Prior to H. 454, the old town-by-town property tax rate is replaced by a single, statewide education property tax. The state sets a uniform property tax rate for all homestead and non-homestead properties. This rate will cover the cost of the “educational opportunity payments” made to every district. Towns will no longer set their own rates based on their school budgets; the state will do it based on the total costs dictated by the foundation formula.

The supplemental district spending tax mentioned above is separate, higher, and applies only to the extra spending (e.g., it’s not related to property). There’s also a hard cap on this supplemental spending, and if a district goes over, the state captures the excess and distributes it across the state.

It also includes protections for lower- and middle-income families, a slide-scale reduction in their taxable property value, helping to keep the taxes progressive.

There are a few other sources as well to help keep property taxes down: state sales tax, rooms & meal tax, the state lottery, etc.

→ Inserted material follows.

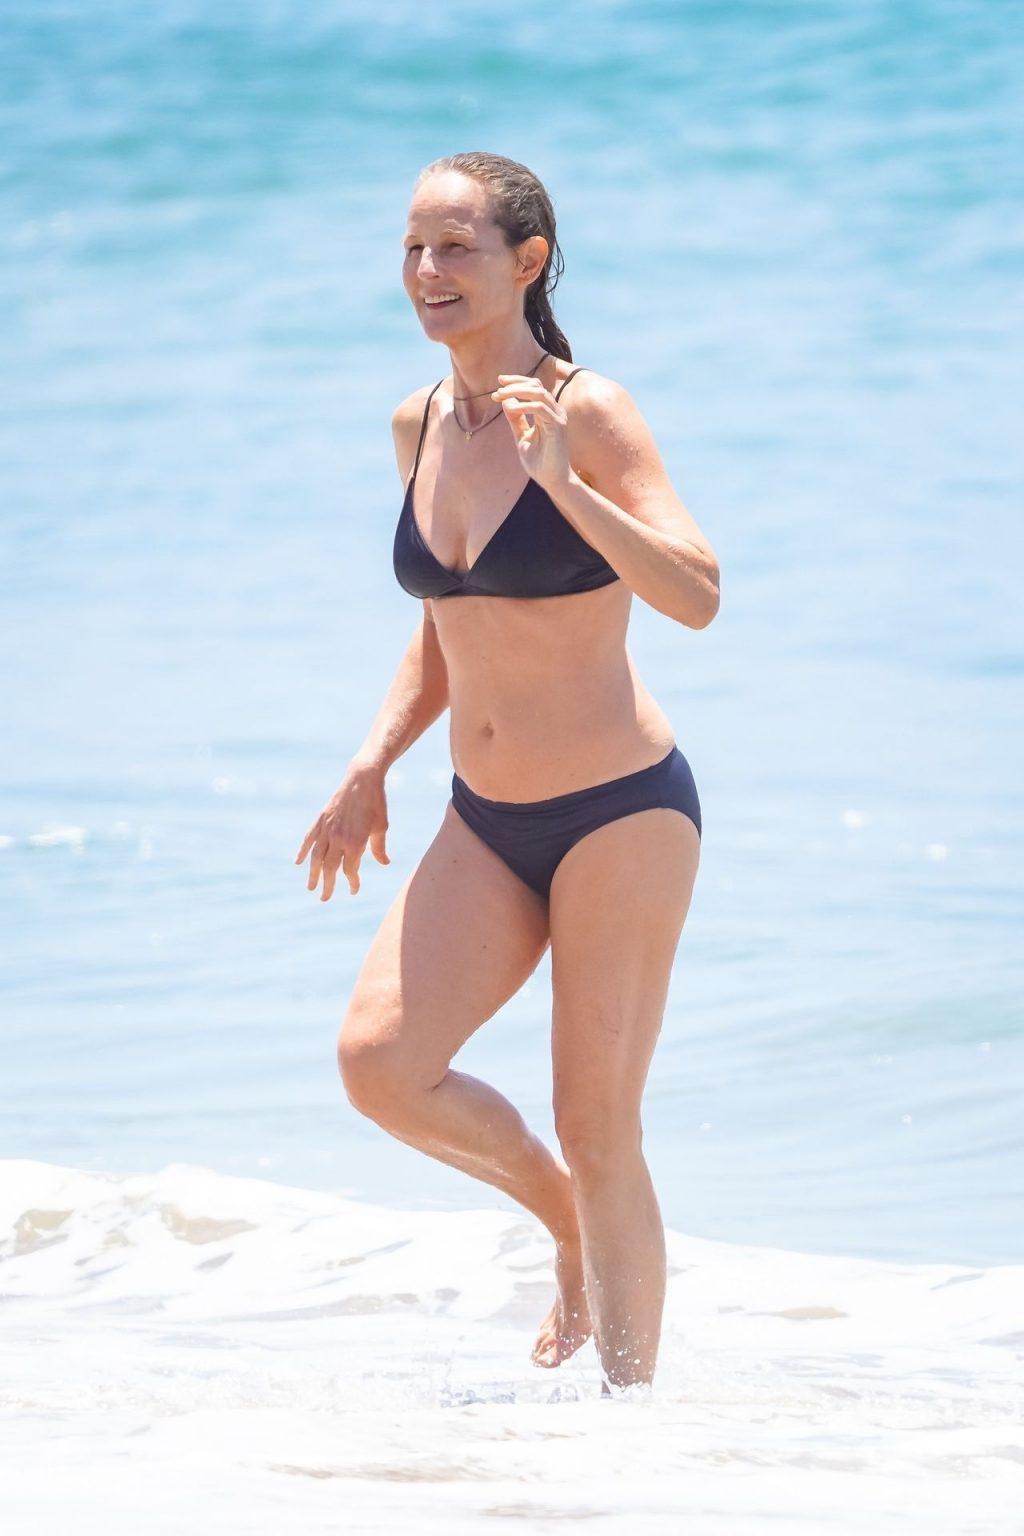 Helen Hunt Shows Off Her Bikini Body in Malibu (43 Photos)

In short, H. 454 moves Vermont from a patchwork of local tax rates to a single, statewide act of unity.

Time for the Editorial

I don’t have an issue with the new foundation formula or the new statewide funding source.

However, I do have a problem with nearly every lever of educational control being transferred to political technocrats and their appointed advisory committees. The introduction to the bill harkens back to the need for equity, but what Representative McCoy and others have done is translated “equity” into standardization.

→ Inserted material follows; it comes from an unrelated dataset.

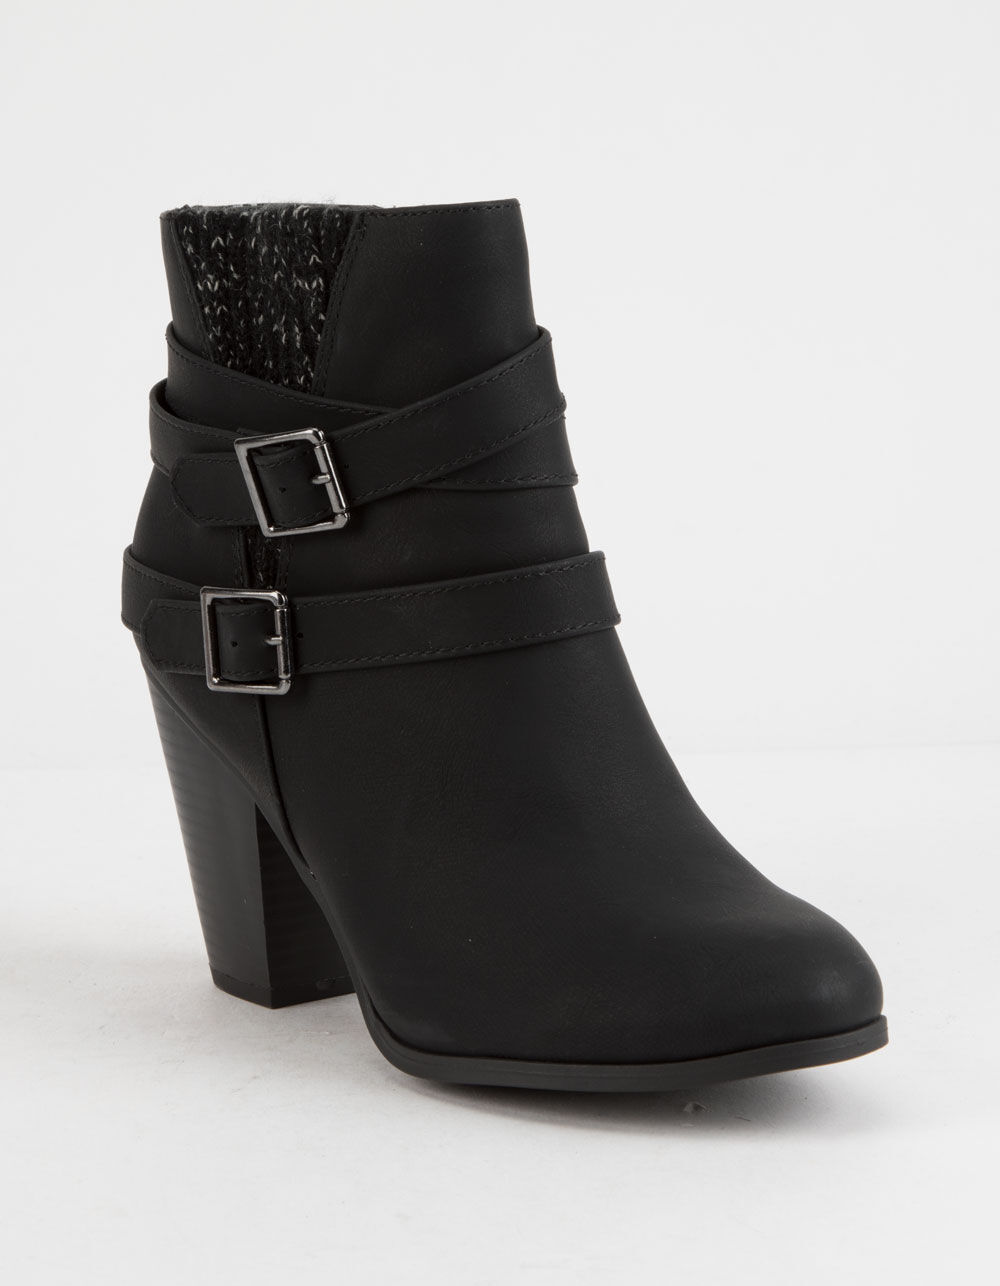 SODA Sweater Knit Block Heel Black Booties

Minimum class sizes, for example, ignore local conditions or unique educational philosophies (not to mention best practices), forcing rural and experimental schools, which have historically been small and nimble, to merge, close, or fundamentally change. The minimum class-size mandate is really a small school death warrant.

The bill also standardizes governance, finance, and data collection and reporting, backed up by tri-annual reviews and potential state intervention. School districts that don’t satisfy the state’s standards could face mandatory restructuring or even closure by the Agency of Education. Local residents voting at town meeting used control these features, but now state-appointed commissions hold the final say.

Those commissions, by the way, are loaded with state officials and institutional players. They don’t include teachers, parents, students, or grassroots community members. They include current and former politicians, governor-appointed bureaucrats, and interest-group lawyers.

The winners in this bill are state agencies, large districts, technocratic commissioners, and big contractors who will profit from new, centrally controlled construction and merger projects. The losers are small towns, rural communities, unique school programs, and anyone who thinks education should be democratically controlled and locally responsive.

The legislators can couch their bullying with progressive language about equity, but the system designed by this bill is cold, technocratic, and obsessed with scale and efficiency. It will result in closed schools, fired teachers, and rural kids getting on 90 minute bus rides that take them far from their neighborhoods and homes.

This is the point at which “Vermont” education ends.